The California tiger salamander (Ambystoma californiense) is a vulnerable amphibian native to California. It is a mole salamander. Previously considered to be a subspecies of the tiger salamander (A. tigrinum), the California tiger salamander was recently designated a separate species again.  The California tiger salamander distinct population segment (DPS) in Sonoma County and the Santa Barbara County DPS are listed as federally endangered, while the  Central California DPS is listed as federally threatened. The Sonoma County, south San Joaquin, and the Santa Barbara County DPS have diverged from the rest of the California tiger salamander populations for over one million years, since the Pleistocene and they may warrant status as separate species.

Description 

The California tiger salamander is a relatively large, secretive amphibian endemic to California. Adults can grow to a total length of about 7–8 inches. It has a stocky body and a broad, rounded snout. Adults are black with yellow or cream spots; larvae are greenish-grey in color. The California tiger salamander has brown protruding eyes with black irises.

Habitat and range 

The California tiger salamander depends on vernal pools and other seasonal ponds and stock ponds for reproduction; its habitat is limited to the vicinity of large, fishless vernal pools or similar water bodies. It occurs at elevations up to 1000 m (3200 ft). Adults migrate at night from upland habitats to aquatic breeding sites beginning with the first major rainfall of fall and winter, and return to upland habitats after breeding.

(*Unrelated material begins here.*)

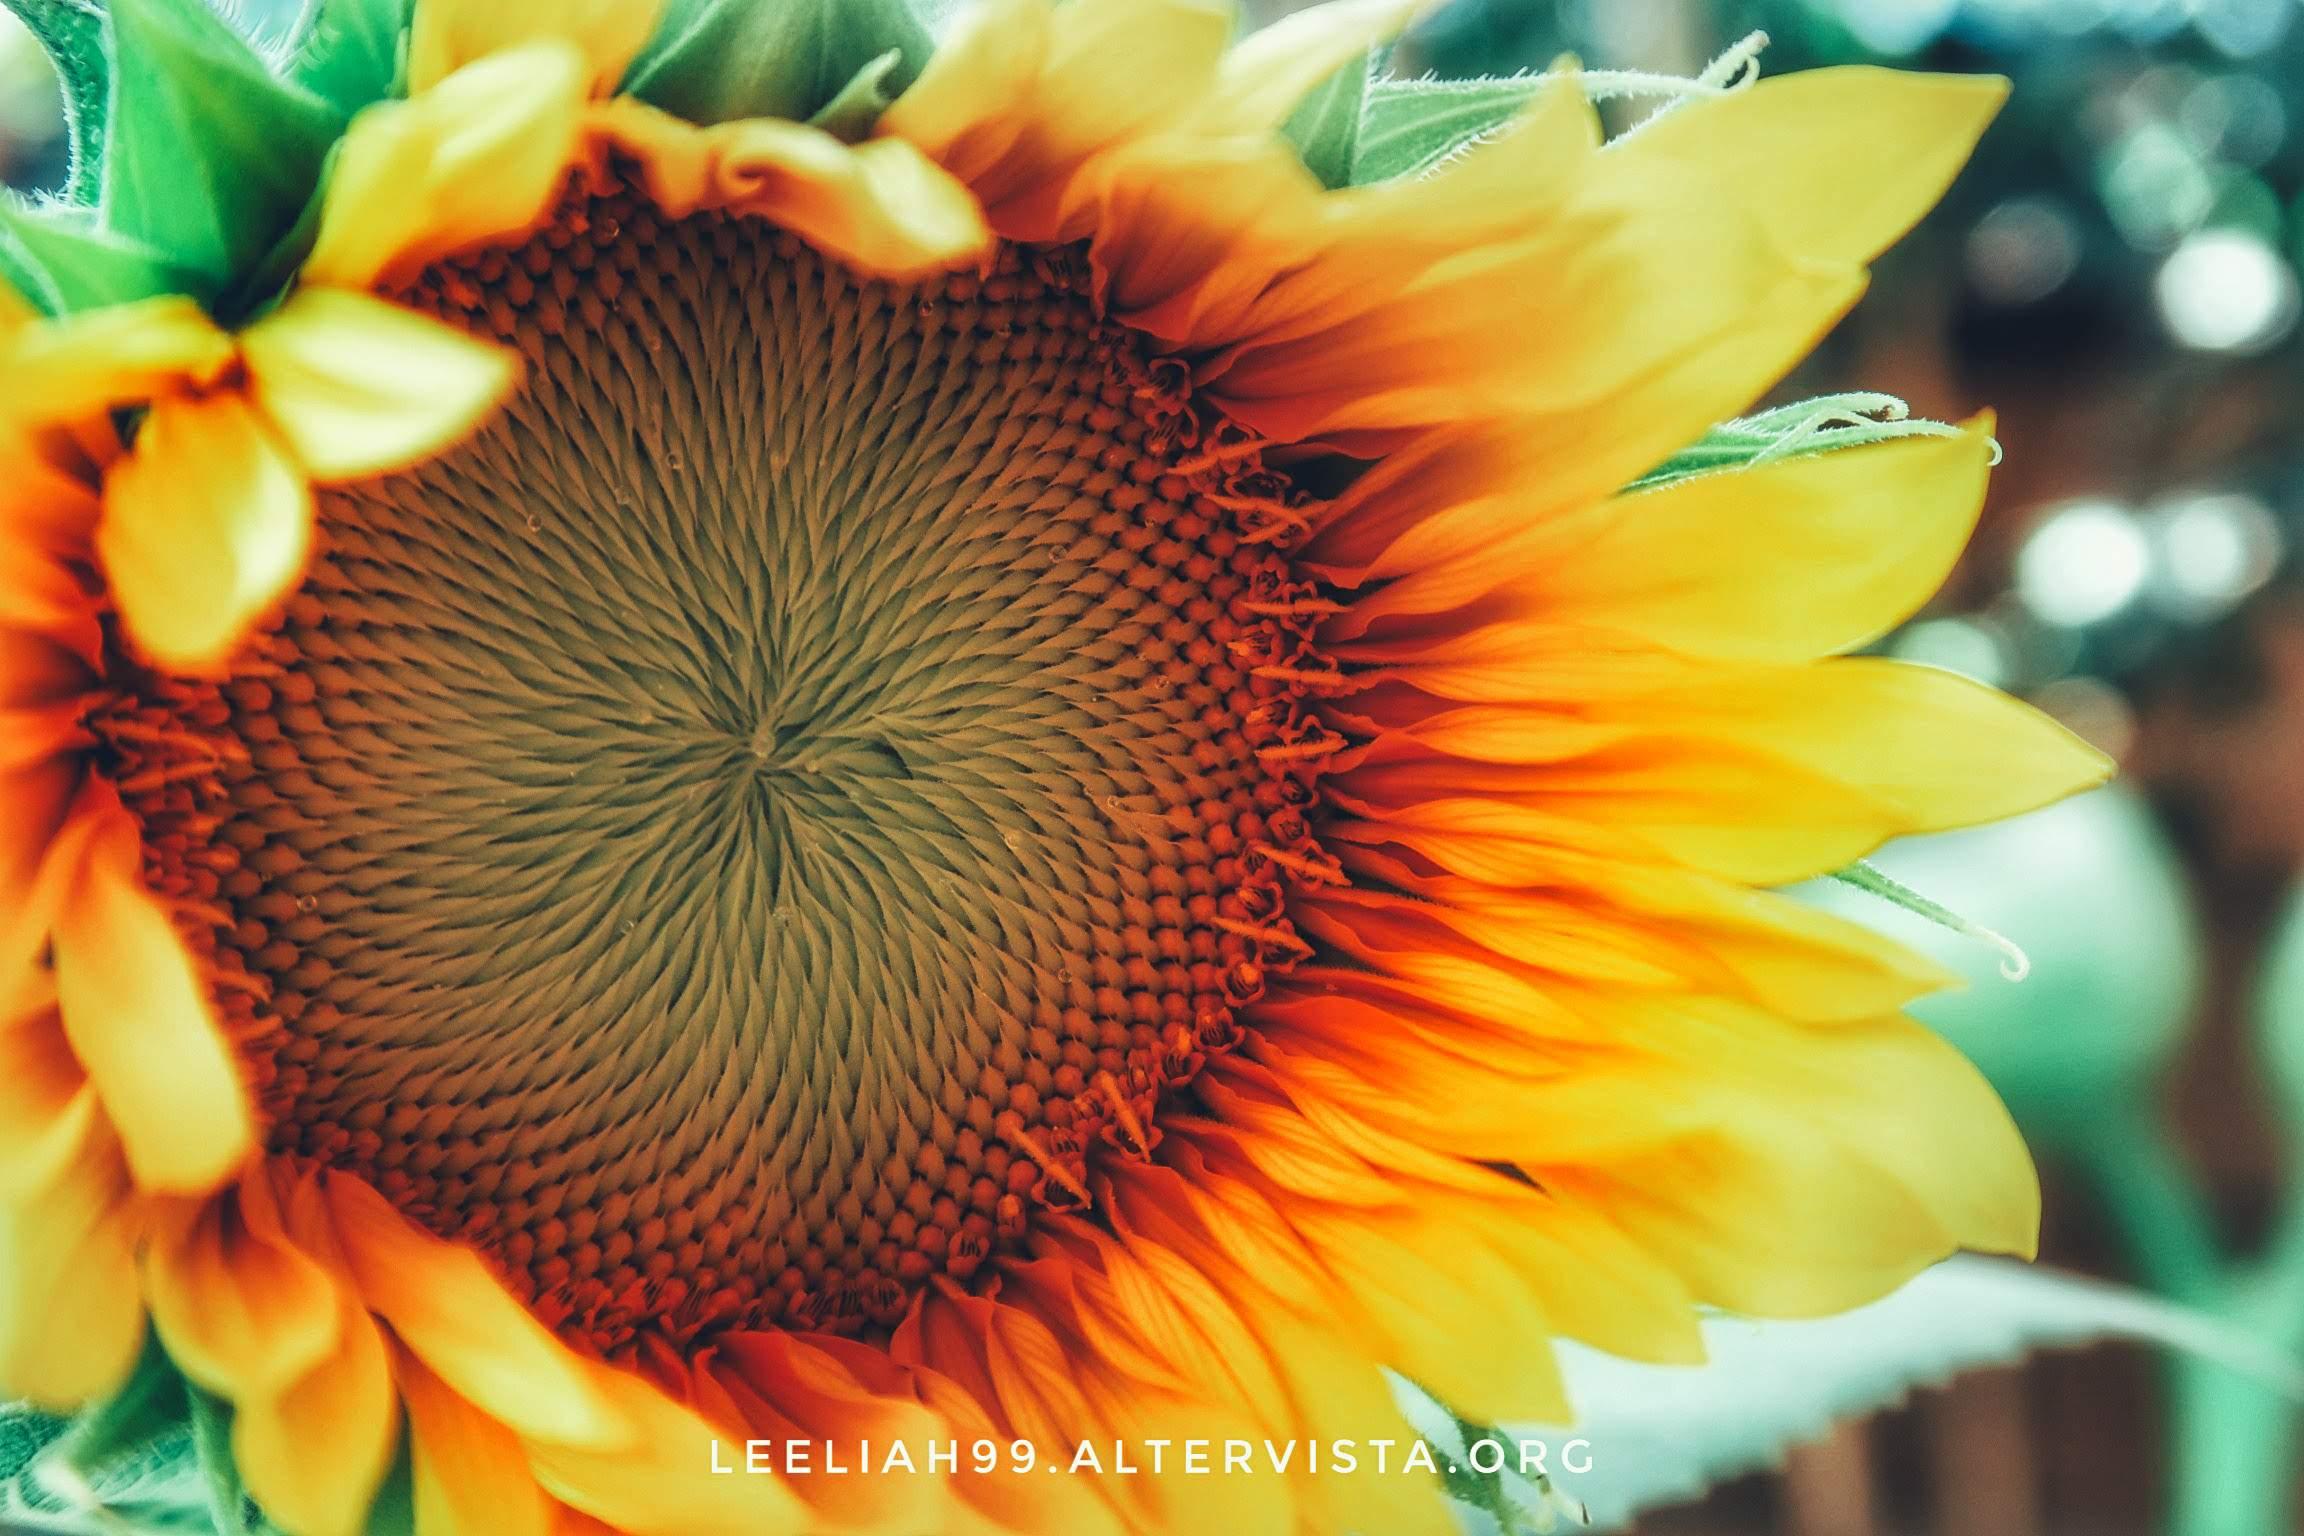 Girasole a sorpresa sul terrazzo © leeliah99.altervista.org

Historically, the California tiger salamander probably occurred in grassland habitats throughout much of the state. It occurs from Sonoma County, especially in the Laguna de Santa Rosa (outside the floodplain), south to Santa Barbara County, in vernal pool complexes and isolated ponds along the Central Valley from Colusa County to Kern County, and in the coastal range. Both the Sonoma and Santa Barbara populations are listed as endangered since 2000 and 2003, respectively. On August 4, 2004, the US Fish and Wildlife Service listed the California tiger salamander as threatened within the Central DPS.

The six populations are found in Sonoma County, the Bay Area (Stanislaus County, western Merced County, and most of San Benito County), the Central Valley, the southern San Joaquin Valley, the Central Coast Range, and Santa Barbara County.

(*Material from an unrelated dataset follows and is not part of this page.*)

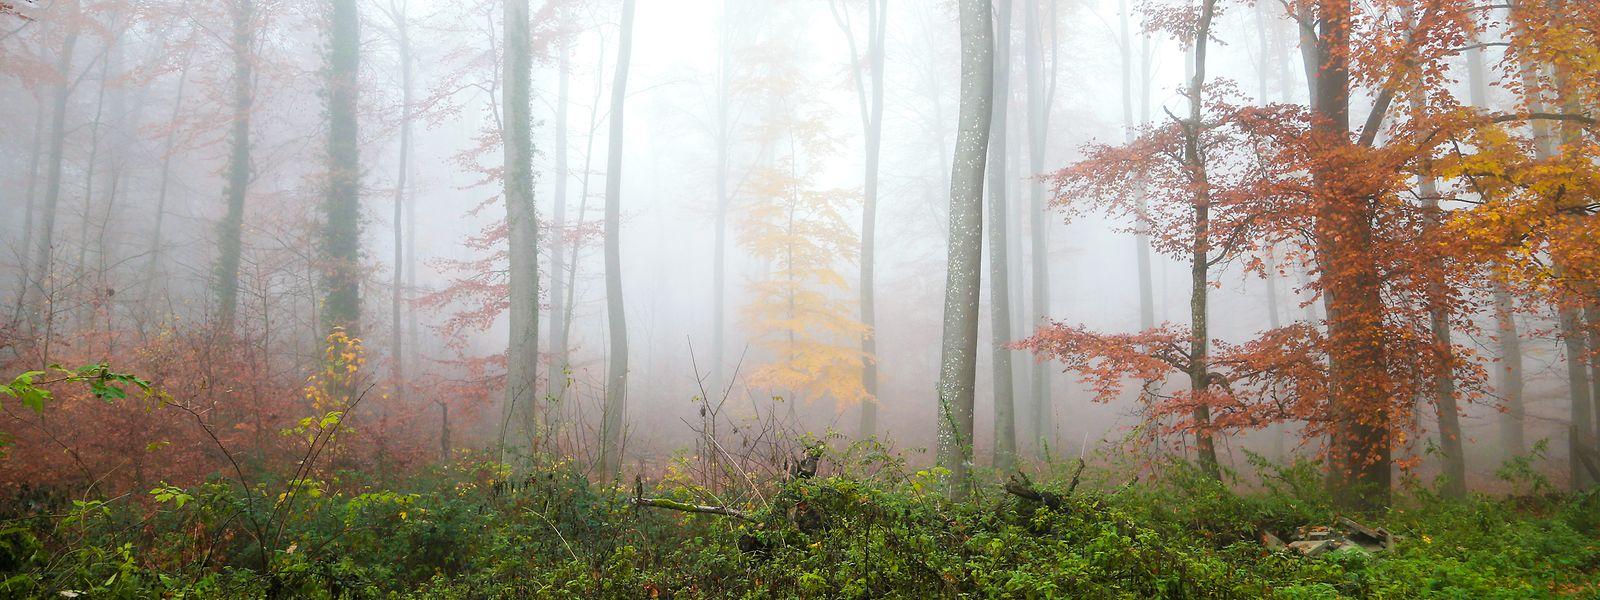 Grau in Grau präsentierte sich der Großteil des herbstlichen Wettergeschehens.

The loss of California tiger salamander populations has been due primarily to the loss of habitat and predators, such as American bullfrogs and access to breeding habitats. There is also a viable hybrid between the California tiger salamander and the introduced barred tiger salamander (Ambystoma tigrinum mavortium), which genetic evidence suggests have been hybridizing for 50–60 years.

Life cycle 

Adults spend the majority of their lives underground, in burrows created by other animals, such as ground squirrels and  gophers; these salamanders are poorly equipped for burrowing. Little is known about their underground life.  This underground phase has often been referred to as estivation (the summertime equivalent of hibernation), but true estivation has never been observed, and fiber optic cameras in burrows have allowed researchers to witness salamanders actively foraging. Adults are known to eat earthworms, snails, insects, fish, and even small mammals but adult California tiger salamanders eat very little.

Reproduction

Breeding takes place after the first rains in late fall and early winter, when the wet season allows the salamanders to migrate to the nearest pond, a journey that may be as far as a 1.3 miles and take several days. The eggs, which the female lays in small clusters or singly, hatch after 10 to 14 days. The larval period lasts for three to six months.  However, California tiger salamander larvae may also "overwinter". Transformation for overwintering larvae may take 13 months or more. Recent discoveries, such as overwintering, have management implications for this threatened species, particularly when aquatic habitats undergo modification.  The larvae feed on other small invertebrates, including tadpoles. When their pond dries, they resorb their gills, develop lungs, and then the metamorphs leave the pond in search of a burrow.

"... the average female bred 1.4 times and produced 8.5 young that survived to metamorphosis per reproductive event, resulting in roughly 12 lifetime metamorphic offspring per female."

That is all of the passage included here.